The last phase is to use *GenScale* prototype to generate performance data of each application. I focused on collecting data for three types of resources: compute (CPU utilization), memory (resident set size), and I/O (read & write operations over time). *GenScale* export these information into a single CSV file to facilitate easy analysis. My deliverables include performance data for DNA-Seq and RNA-Seq workflows. I also provide a sample Python Notebook which analyzes the CPU utilization pattern of each application in DNA-Seq workflow. [(Deliverables #4)](#deliverables)

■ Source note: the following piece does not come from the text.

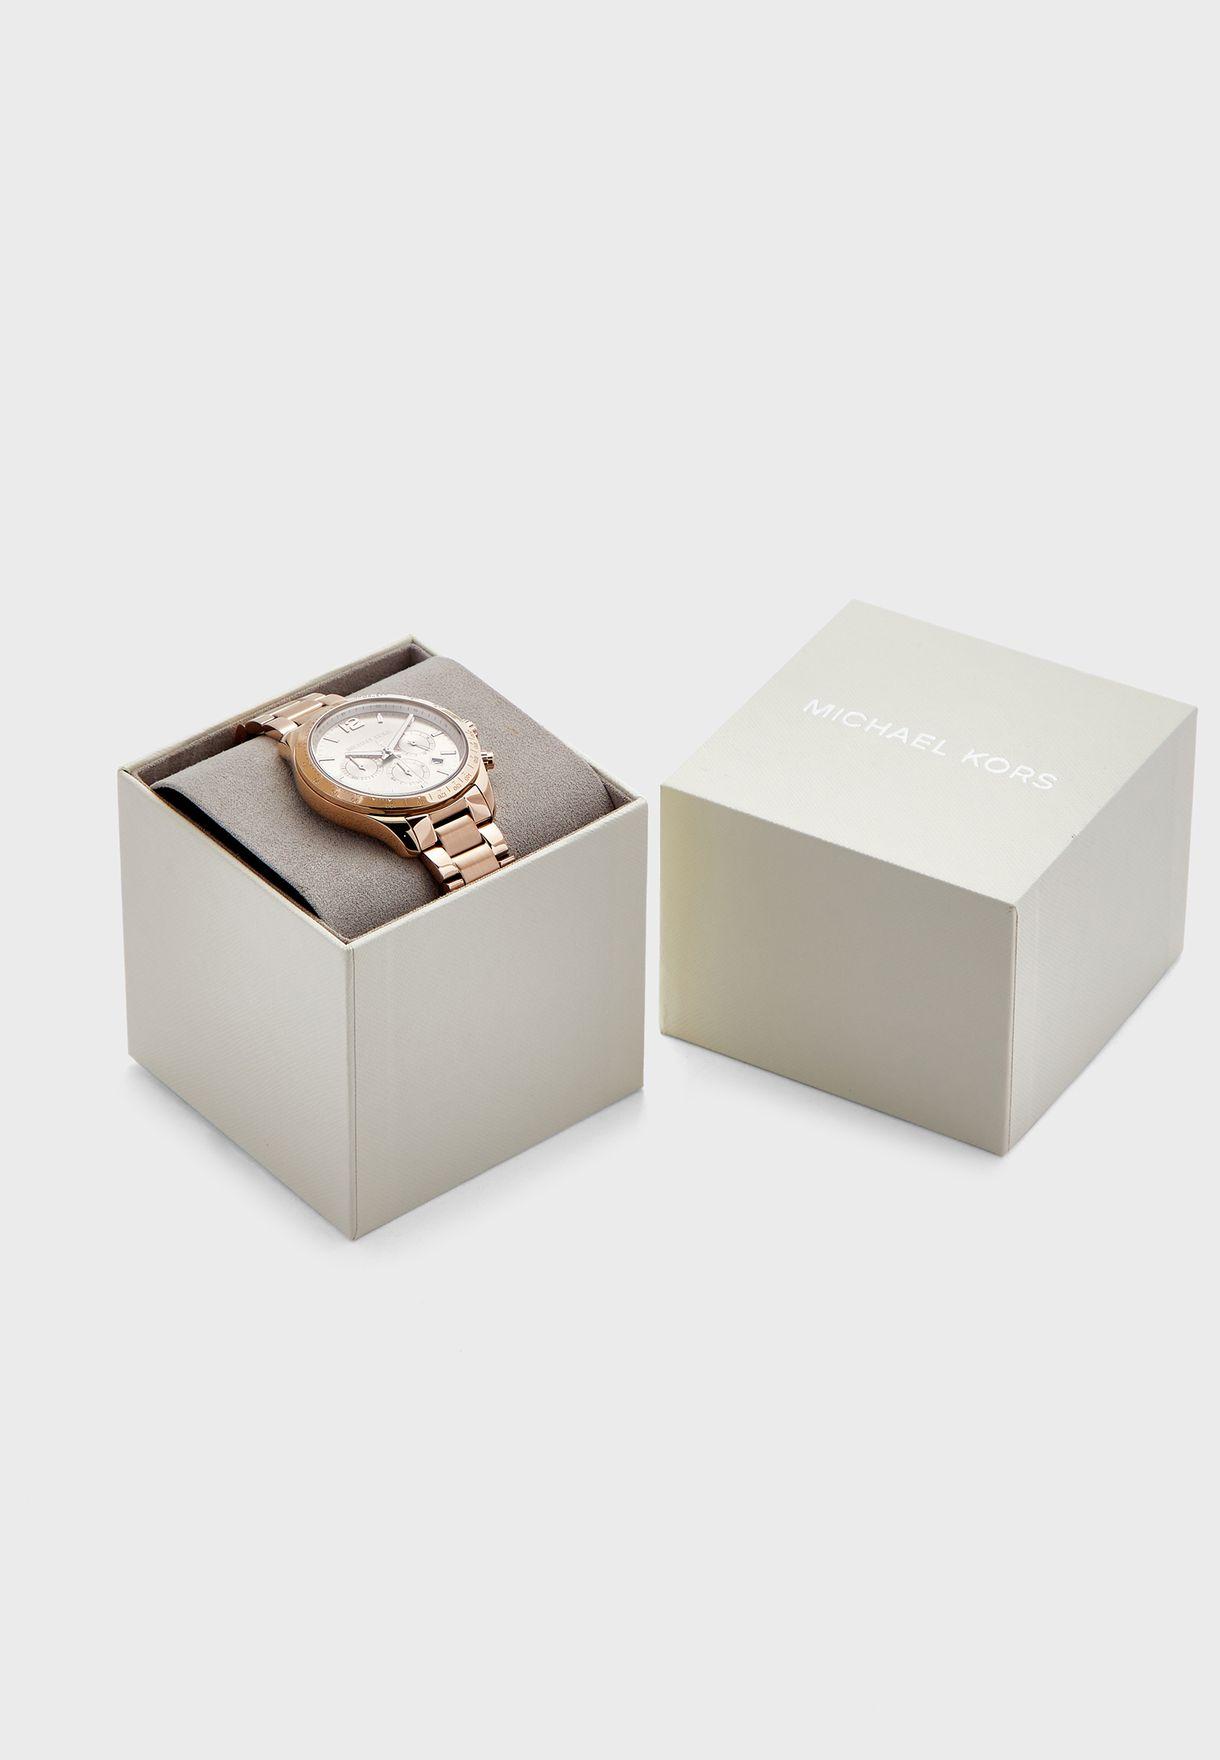 MK6796 Layton Analog Watch

| ![](dnaseq-cpu_util.png) |
|:--:|
| **Figure 2.** CPU utilization pattern of 9 applications in DNA-Seq Alignment workflow collected by *GenScale*. **y-axis**: *(num. cores) x 100%*, **x-axis**: time elapsed in seconds. |


## Deliverables

This project's deliverables can be found in the following Github repo: [https://github.com/martinluttap/sor24-genscale/tree/main](https://github.com/martinluttap/sor24-genscale/tree/main). In summary, the deliverables include:

1. Container Images
2. Input Dataset
3. Source Code
4. Performance Data & Sample Analysis Notebook

## Future Works, Broader Impacts

Understanding workload characteristics is a crucial step for designing efficient scheduling policy & resource management techniques. *GenScale* and the performance data it can generate might be a starting point for such effort. Furthermore, I hope *GenScale* will catalyze meaningful engagements between the computer systems community and bioinformatics community. I believe state-of-arts systems techniques can greatly aid the computing efforts among bioinformatics community. Similarly, domain-specific knowledge & problems within bioinformatics provide unique grounds for the systems community to further advance their field.